> [Task statement] Quote the listing below in its entirety, omitting every image.

> [Data]
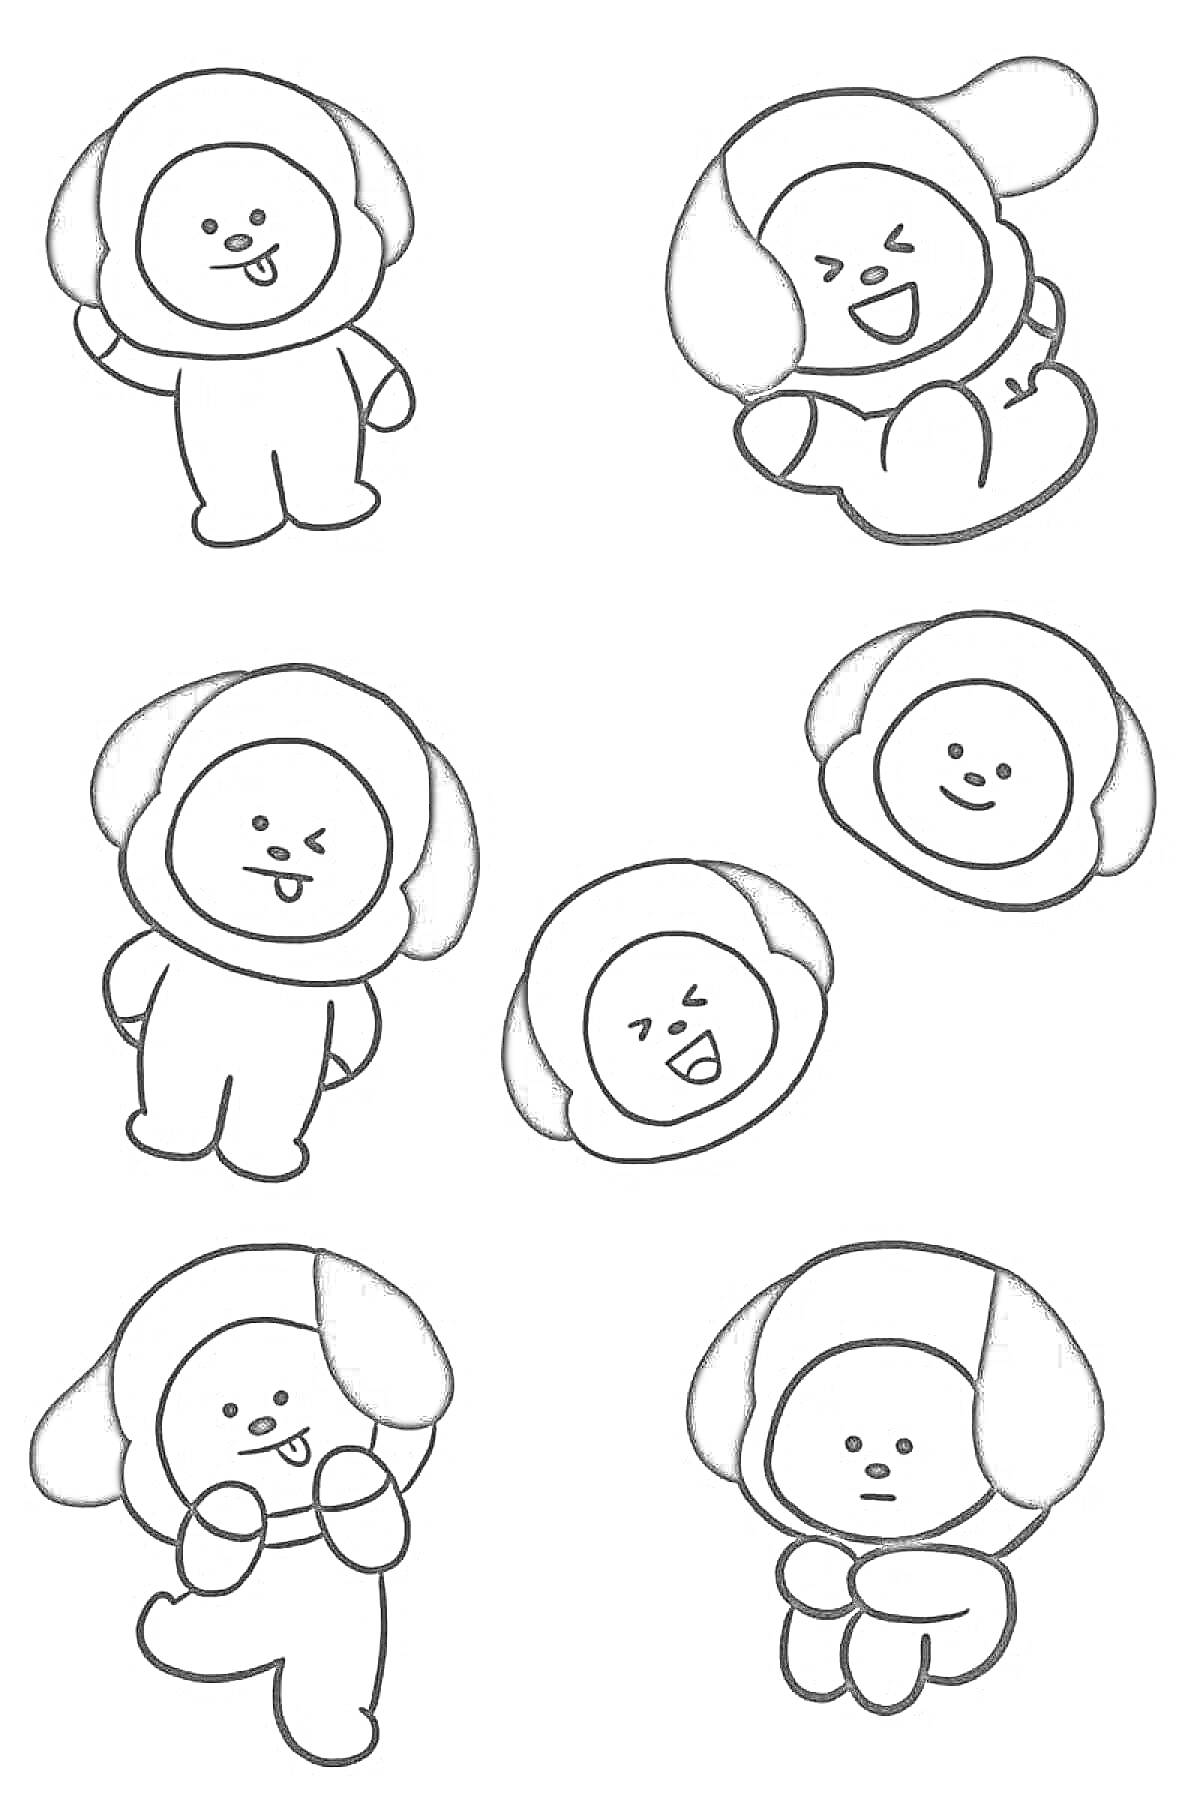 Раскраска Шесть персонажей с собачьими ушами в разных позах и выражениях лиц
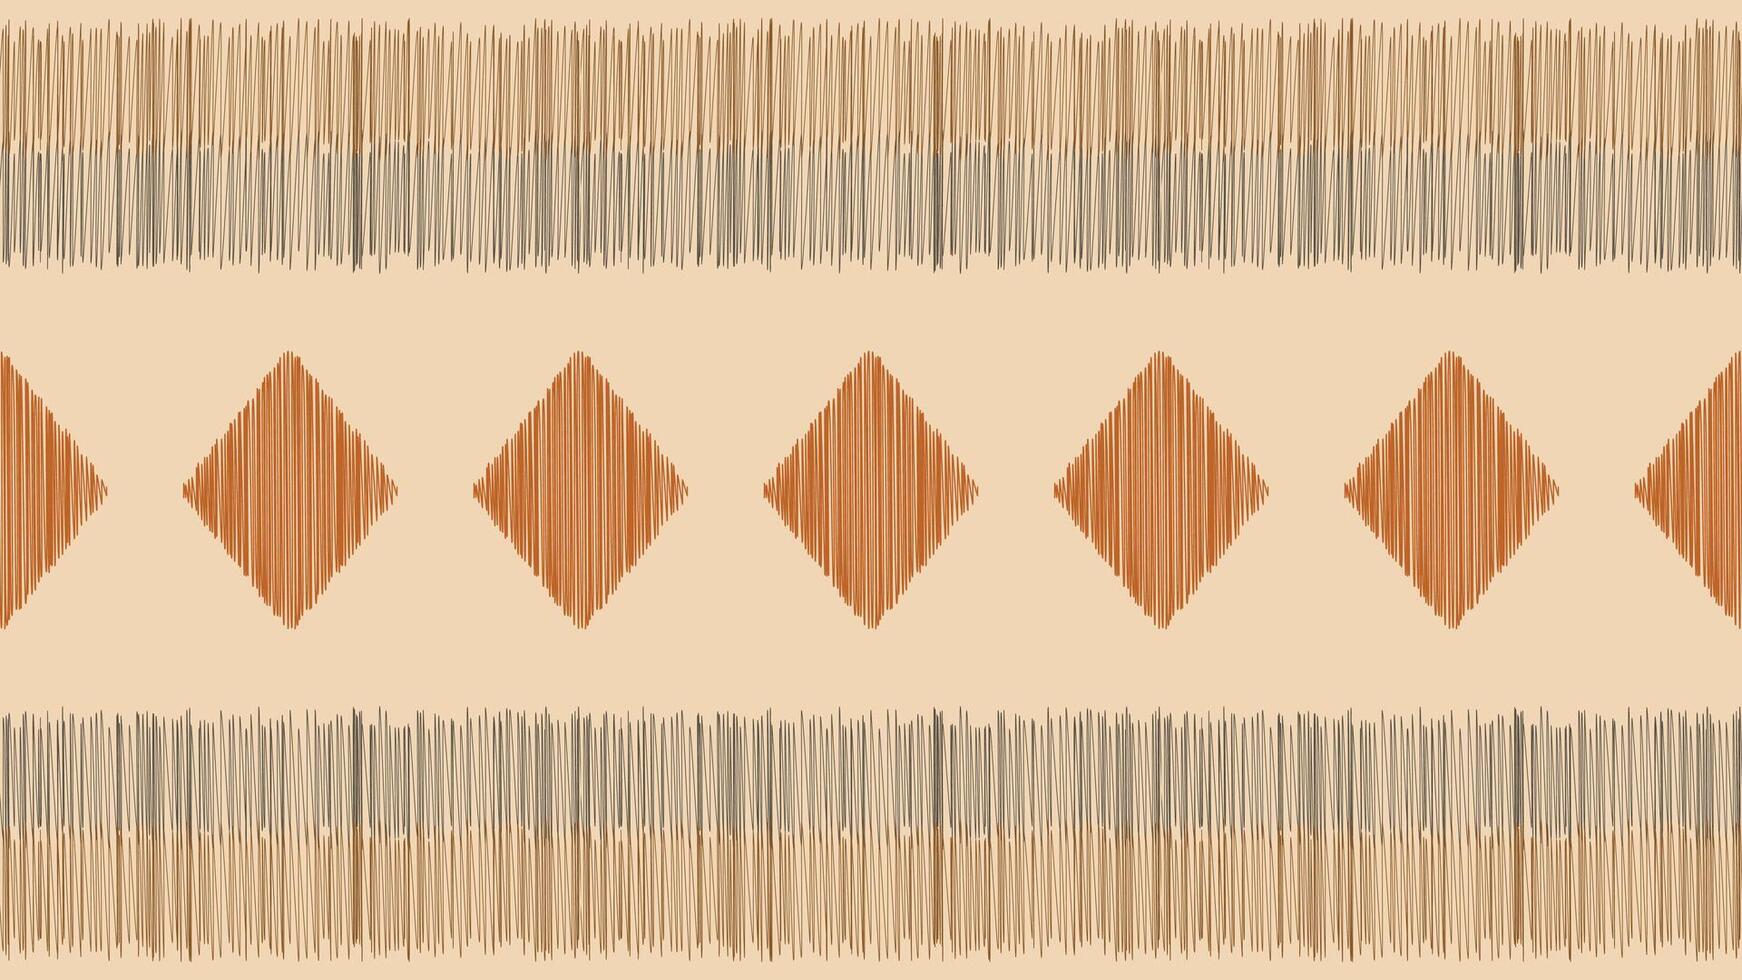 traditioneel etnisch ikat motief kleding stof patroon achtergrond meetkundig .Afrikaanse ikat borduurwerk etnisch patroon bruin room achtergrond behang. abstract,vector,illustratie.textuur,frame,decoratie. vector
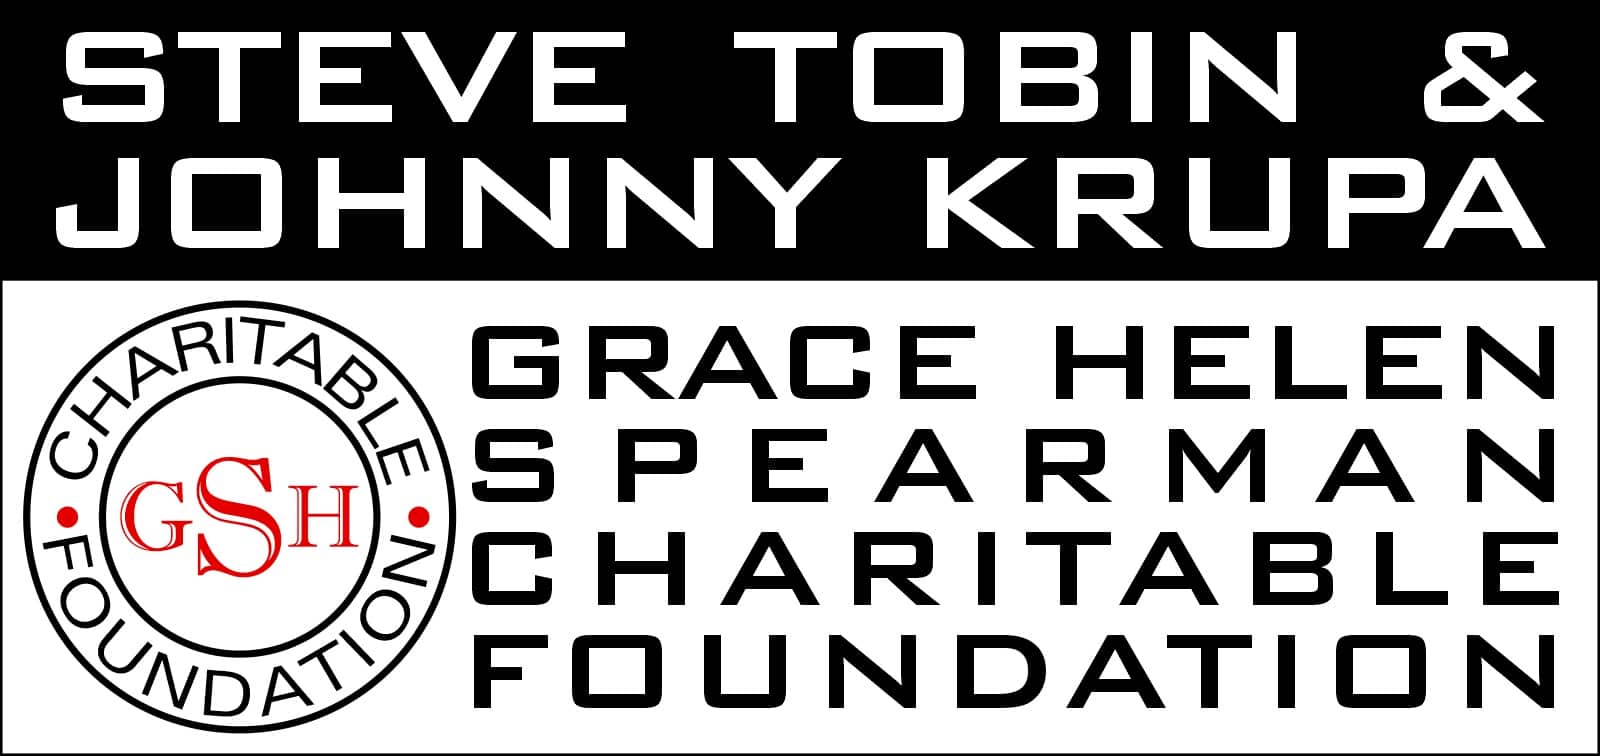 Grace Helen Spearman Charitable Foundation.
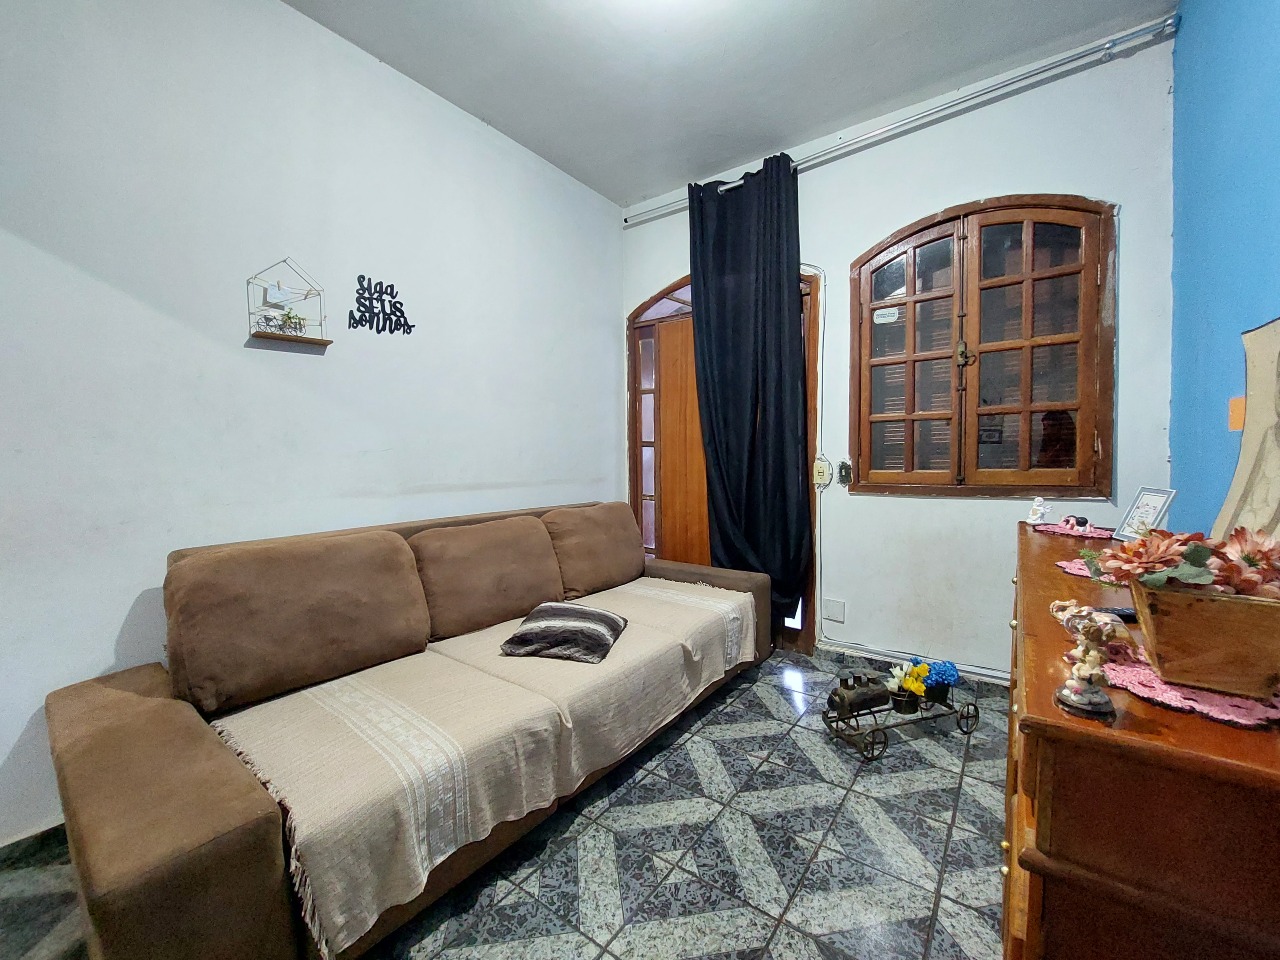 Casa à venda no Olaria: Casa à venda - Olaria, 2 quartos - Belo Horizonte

> [Problem solution]
 Раскраска Шесть персонажей с собачьими ушами в разных позах и выражениях лиц
 traditioneel etnisch ikat motief kleding stof patroon achtergrond meetkundig .Afrikaanse ikat borduurwerk etnisch patroon bruin room achtergrond behang. abstract,vector,illustratie.textuur,frame,decoratie. vector
 Grace Helen Spearman Charitable Foundation.
 Casa à venda no Olaria: Casa à venda - Olaria, 2 quartos - Belo Horizonte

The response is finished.